Role of the Sp1 binding sites in the recruitment of various pointers to the promoter and on DNA looping. (A) The expression levels of the target/reporter plasmids containing a deletion (×) of the distal (#1) or the proximal (#2) Sp1 site were determined by measuring CAT activities (percent acetylation) after transient transfection (32). For these transfections, 5 μg of the reporter gene and 2 μg of the expression vector for TR were used, and cells were treated with or without T3. The extent (fold, in parenthesis) of silencing with TR and activation with T3/TR is in comparison with the basal level of expression (without TR).

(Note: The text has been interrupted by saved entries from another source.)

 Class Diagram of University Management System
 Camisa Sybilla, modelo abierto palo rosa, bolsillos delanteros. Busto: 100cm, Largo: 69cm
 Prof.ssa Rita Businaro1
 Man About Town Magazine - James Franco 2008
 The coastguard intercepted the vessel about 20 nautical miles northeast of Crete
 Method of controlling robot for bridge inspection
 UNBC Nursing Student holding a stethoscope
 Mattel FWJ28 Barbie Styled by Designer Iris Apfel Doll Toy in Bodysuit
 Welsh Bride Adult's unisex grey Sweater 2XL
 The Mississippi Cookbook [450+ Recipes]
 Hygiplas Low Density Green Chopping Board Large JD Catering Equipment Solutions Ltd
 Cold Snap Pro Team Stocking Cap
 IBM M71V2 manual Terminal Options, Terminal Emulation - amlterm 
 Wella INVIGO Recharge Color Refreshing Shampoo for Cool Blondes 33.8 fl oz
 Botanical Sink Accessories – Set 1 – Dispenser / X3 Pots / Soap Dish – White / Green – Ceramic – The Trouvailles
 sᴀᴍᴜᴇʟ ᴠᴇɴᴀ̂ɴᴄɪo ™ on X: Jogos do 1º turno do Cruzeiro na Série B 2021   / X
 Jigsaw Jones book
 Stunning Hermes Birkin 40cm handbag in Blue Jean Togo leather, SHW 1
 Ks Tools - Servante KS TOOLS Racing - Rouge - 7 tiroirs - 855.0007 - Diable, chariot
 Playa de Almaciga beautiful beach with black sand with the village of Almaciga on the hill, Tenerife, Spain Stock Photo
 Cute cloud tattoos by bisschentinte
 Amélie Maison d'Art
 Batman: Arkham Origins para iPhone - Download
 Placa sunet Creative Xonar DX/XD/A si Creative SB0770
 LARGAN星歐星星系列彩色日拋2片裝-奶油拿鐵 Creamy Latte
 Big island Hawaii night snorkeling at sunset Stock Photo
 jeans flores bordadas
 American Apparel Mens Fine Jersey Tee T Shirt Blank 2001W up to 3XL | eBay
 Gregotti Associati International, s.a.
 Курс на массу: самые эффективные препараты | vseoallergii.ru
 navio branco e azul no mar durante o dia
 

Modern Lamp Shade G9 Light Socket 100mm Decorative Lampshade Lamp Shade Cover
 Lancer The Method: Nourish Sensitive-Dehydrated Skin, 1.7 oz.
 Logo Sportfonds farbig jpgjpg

The data for CAT activities were obtained from three to six independent transfections. (B) Recruitment of Sp1, TBP, TFIIB, and Cdk7 pointers to the target plasmids [wild type (WT), #1, and #2] were analyzed as described in the legend for Fig. 1B. (C) Analysis of DNA looping in target plasmids #1 and #2. Cleavage in the TRE region was analyzed by performing LM-PCR on the samples from B with primer 2. (D) Summary of pointer recruitment and detectable DNA looping for target plasmids WT, #1, and #2. “US” indicates unstable or transient DNA looping.

Figure 4

Model for transcription factor recruitment and DNA looping during the TR-mediated silencing and activation (see text). TR-associated corepressors and coactivators are indicated as CoR and CoAc, respectively. Pol II, RNA polymerase II. To indicate that one protein was essential for the recruitment of another, straight arrows are used. The arrows point to the recruited protein. The transcription initiation site is indicated with a bent arrow.